Half Dead

Talking To Myself

My mother picked me up, her eyes and head looking around. She's looking for that idiot. He isn't here, he left, promising to never bother me again.

Good.

"Where's your friend?" She asks with a small frown.

He isn't my friend. I don't know where his nor do I care.

"He's a nice boy. I wish you'd talk to him."

Nope. Never gonna happen.

"Well, anyway, I talked to your doctor, he says your throat should be well."

Why did you call the doctor? Did he say I could die soon? That'd be terrific news.

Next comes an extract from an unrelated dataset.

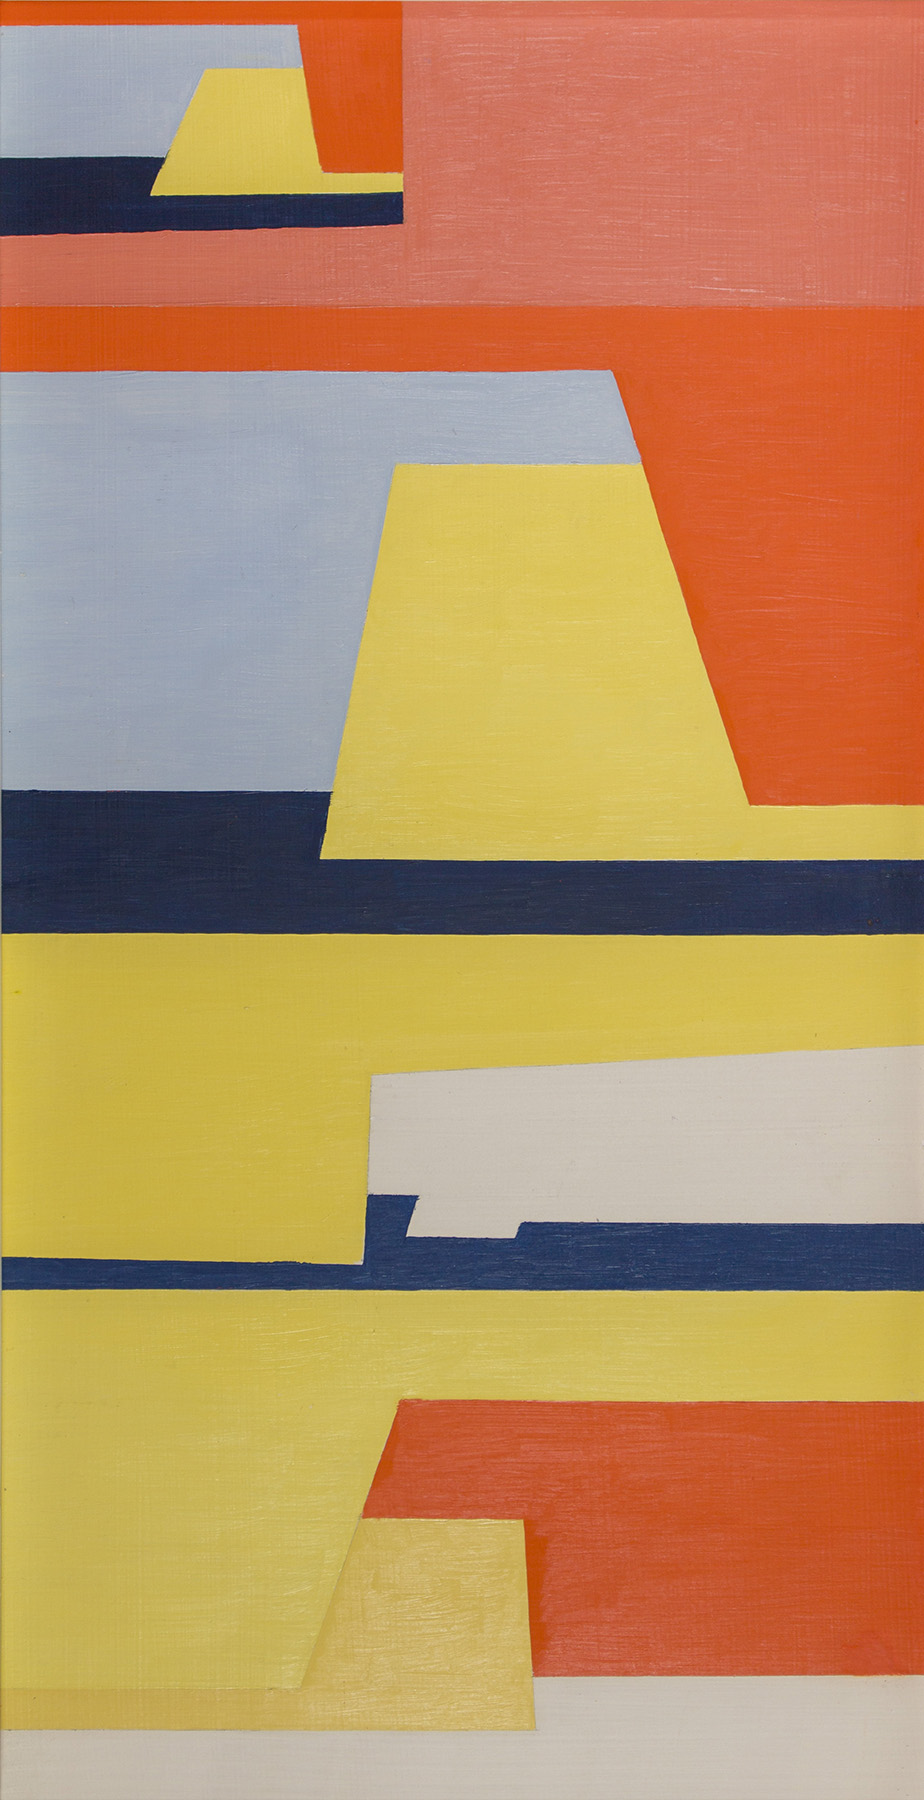 Christian Roeckenschuss   K516, 66 x 35 cm, um 1956, Holz farbig gefasst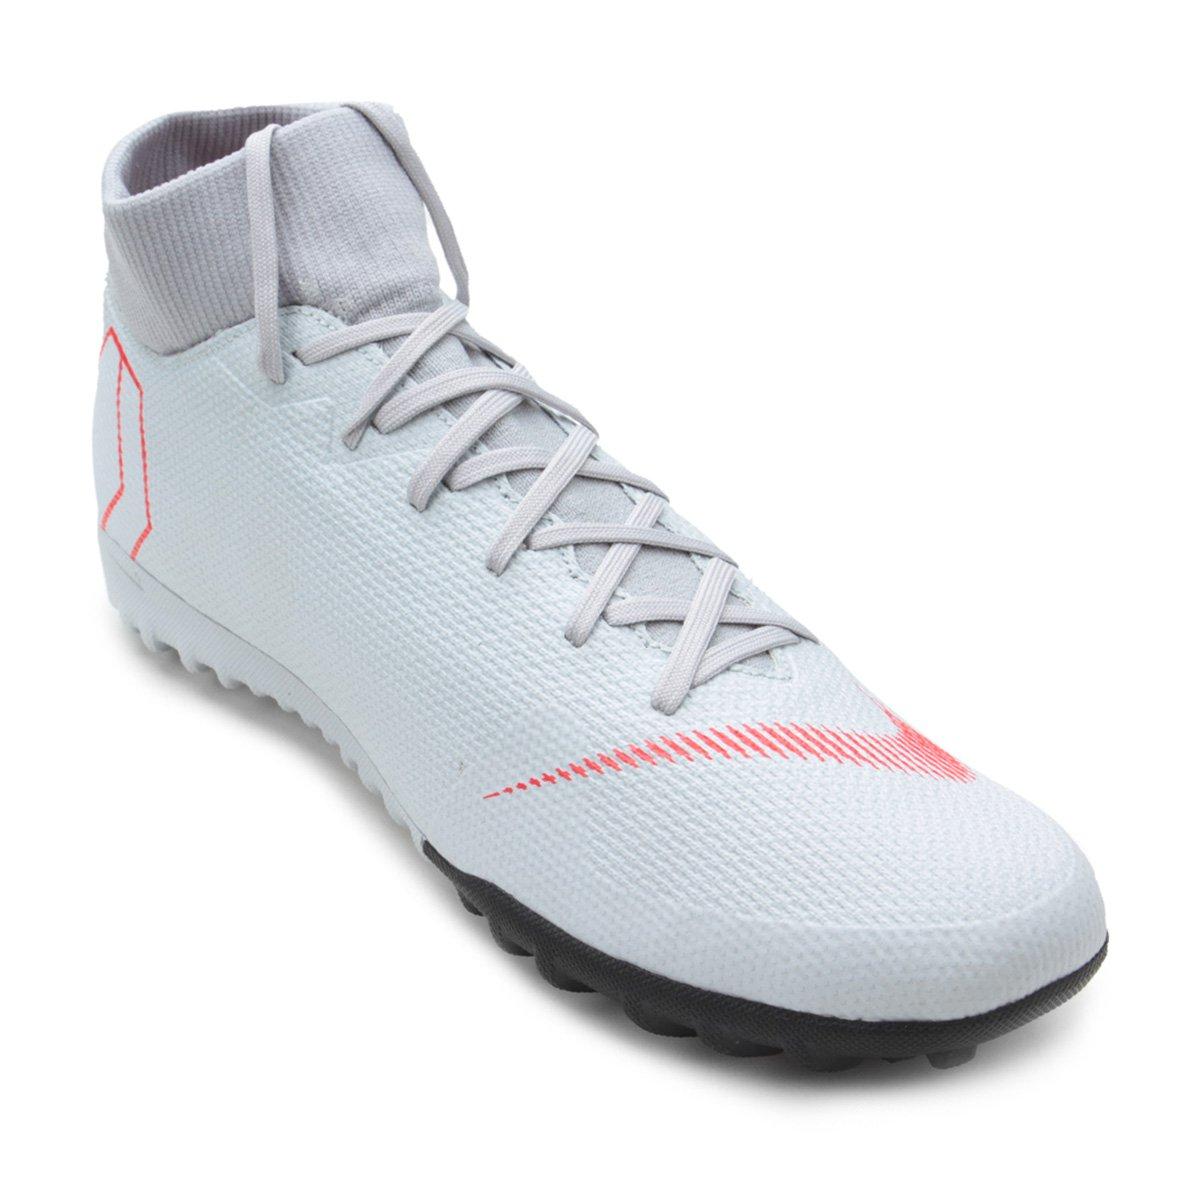 ea9f49bbc6f76 Chuteira Society Nike Mercurial Superfly 6 Academy - Cinza | Shop Timão

"I called to ask about your throat. He says the surgery was successful and that you should be eating solids or at least talking, but I told him that you can't remember how to. He wants to see you. We're gonna go see him now."

Oh, I see, the old pick you up after school trick. The afternoon doctor visit so I won't miss school. Mom, you're picking up on my tricks.

"Are you okay, Violet?"

No. I'll never be okay.

"Did I ever tell you how I came up with your name?" 

No, nor do I care.

"Your dad bought me begonias and thought they were violets on our first date. I thought it was so cute, and I mentioned it in our wedding vows and I remembered it when I found out I was pregnant with you."

So what?

She cleared her throat, she was gonna cry. Mom, please don't cry! Crying is yucky.

"You know, Violet I love you."

So?

"Did I ever tell you that we didn't think we'd ever have a baby? It's something wrong with me..." there's a sob in her throat, "We were looking into adoption when I found out I was pregnant. I was so happy. I still am happy."

Geez, what does she want from me? I'm not gonna talk. I will not, not even if she tells me some other sad memory.

"Violet, I want you to know that you aren't alone. I love you."

You feel sorry for me, mother that's all. I feel sorry for you. I'm sorry I couldn't be the child you wished and prayed for. I'm sorry for being the waste of a good egg and sperm for you and dad.

I was born defective. I was born with a sweet tooth. I wasn't taught impulsive control. I wasn't taught that eating too much would cause other kids to turn their noses up at you. I was taught that people care more about your waist line than your intellect and courtesy among others.

I'm sorry I'm so defective.

"I want to help you, sweetie." She continued on.

You're wasting your time, dear mother, I am a lost cause.

•••

Dr. Anders had me open my mouth and say AHH. But I don't. I open my mouth, yeah, but I don't AHH. He waits, but he gives up and looks down my throat.

"Violet, you should hum, it can help."

I can't hear you, doctor.

"So, everything is okay?" My mom holding her purse for dear life, she's a nervous wreck.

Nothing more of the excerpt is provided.